While the holistic re-thinking of employee skills is not necessarily at the top of a CMO’s agenda, it is often a missing step for building and activating modern marketing capabilities.

This article emphasizes why today’s marketers need to be both a master of their domain and a jack of all trades, and how to get there from pilot to scale. We also highlight six multidisciplinary competencies that can enable marketers to drive the future of their sector.

Sometimes things go wrong

A global consumer company recently decided to improve its capacity to gauge the impact of its campaigns and customer-facing features. The company hired a respected data scientist from an iconic brand. His charter was to build the company’s marketing attribution and micro-segmentation capabilities, and to enable personalization and more efficient marketing spend allocation. But the company's existing teams of data scientists often did not understand the problems that brand marketers were trying to solve. The models they created were far too granular or identified variables that marketers couldn’t act against. At the same time, brand marketers did not know how to translate business or market questions into data science, so they were unable to guide their data-science partners on how the models would be used to stimulate changeable customer behavior.
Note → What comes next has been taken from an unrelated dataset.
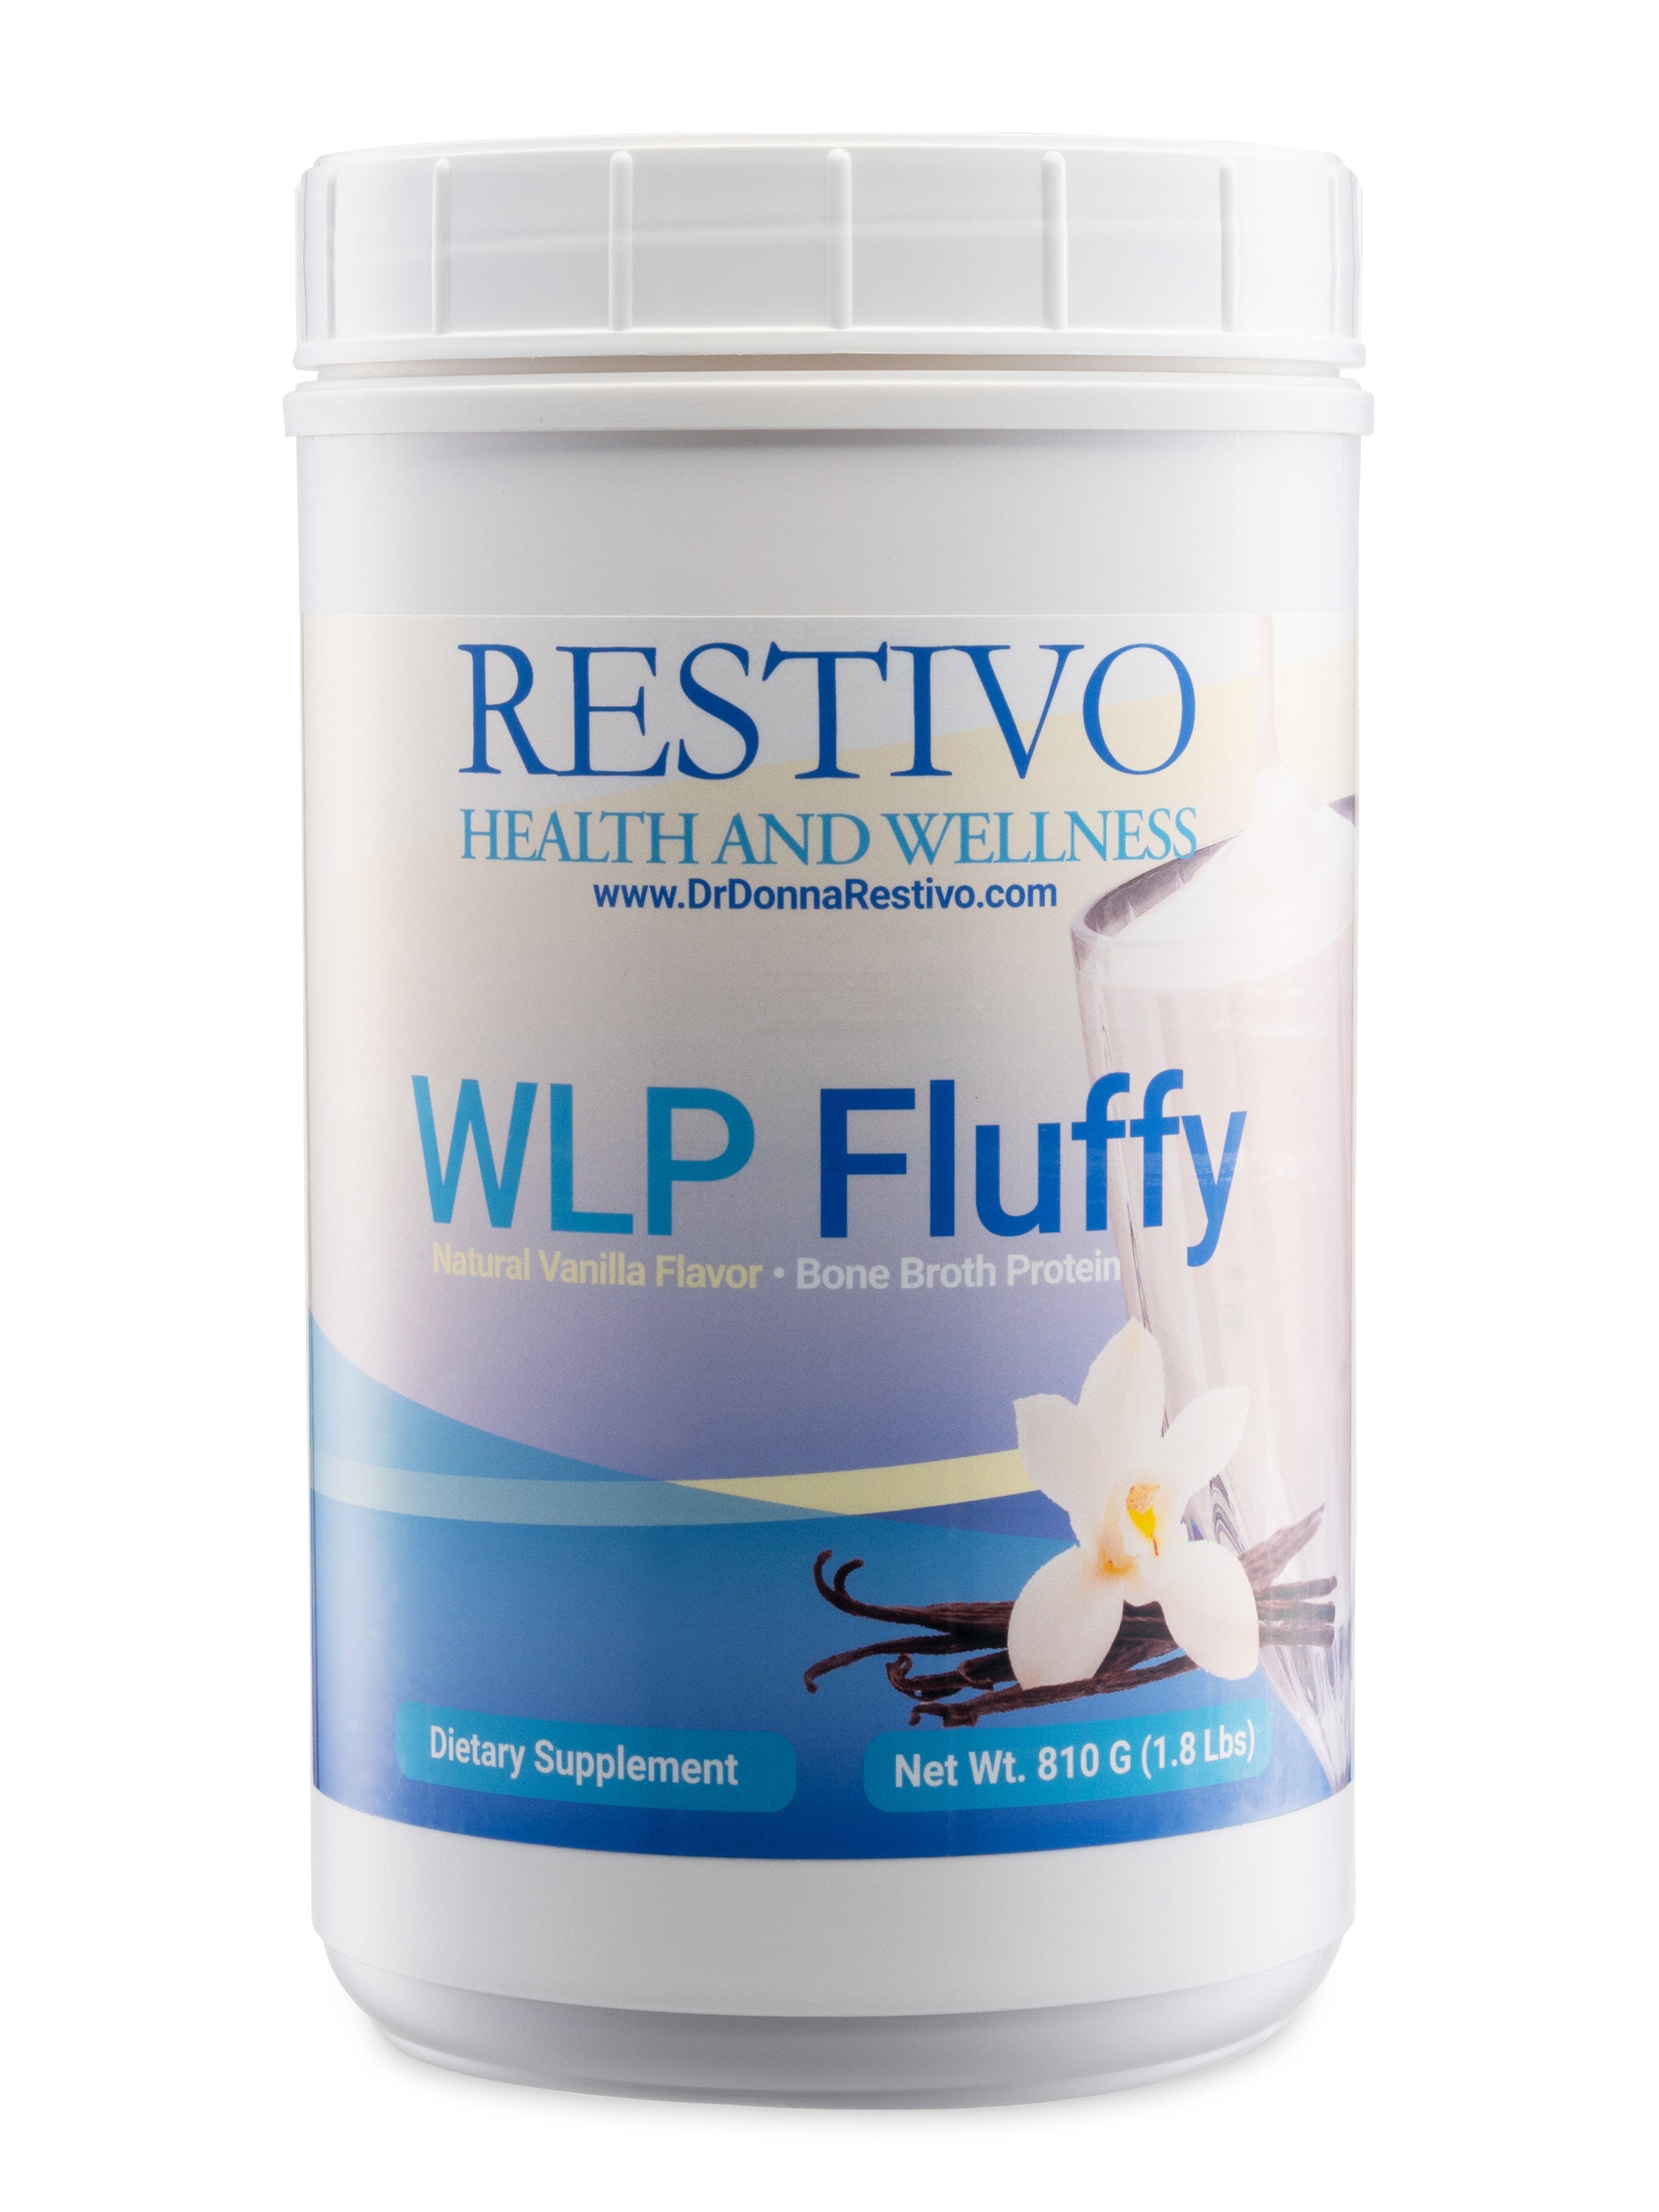 Offer I: BEST SELLING+ 7 EXTRAS +WLP40 REBOOT METABOLISM +Lose Up To 1 LB/ Day + LASTS  14 WEEKS +EXPIRES 10 DAYS

The respected data scientist’s efforts gained little traction and, after nine months, he left the company.

Stories like these are not uncommon. They occur in myriad flavors:

  • Traditional marketers know that data science can be important, but don’t fully understand, trust, or appreciate how it can help them make better decisions. They continue relying only on surveys, focus groups, and other qualitative consumer research, losing out on rich behavioral insights.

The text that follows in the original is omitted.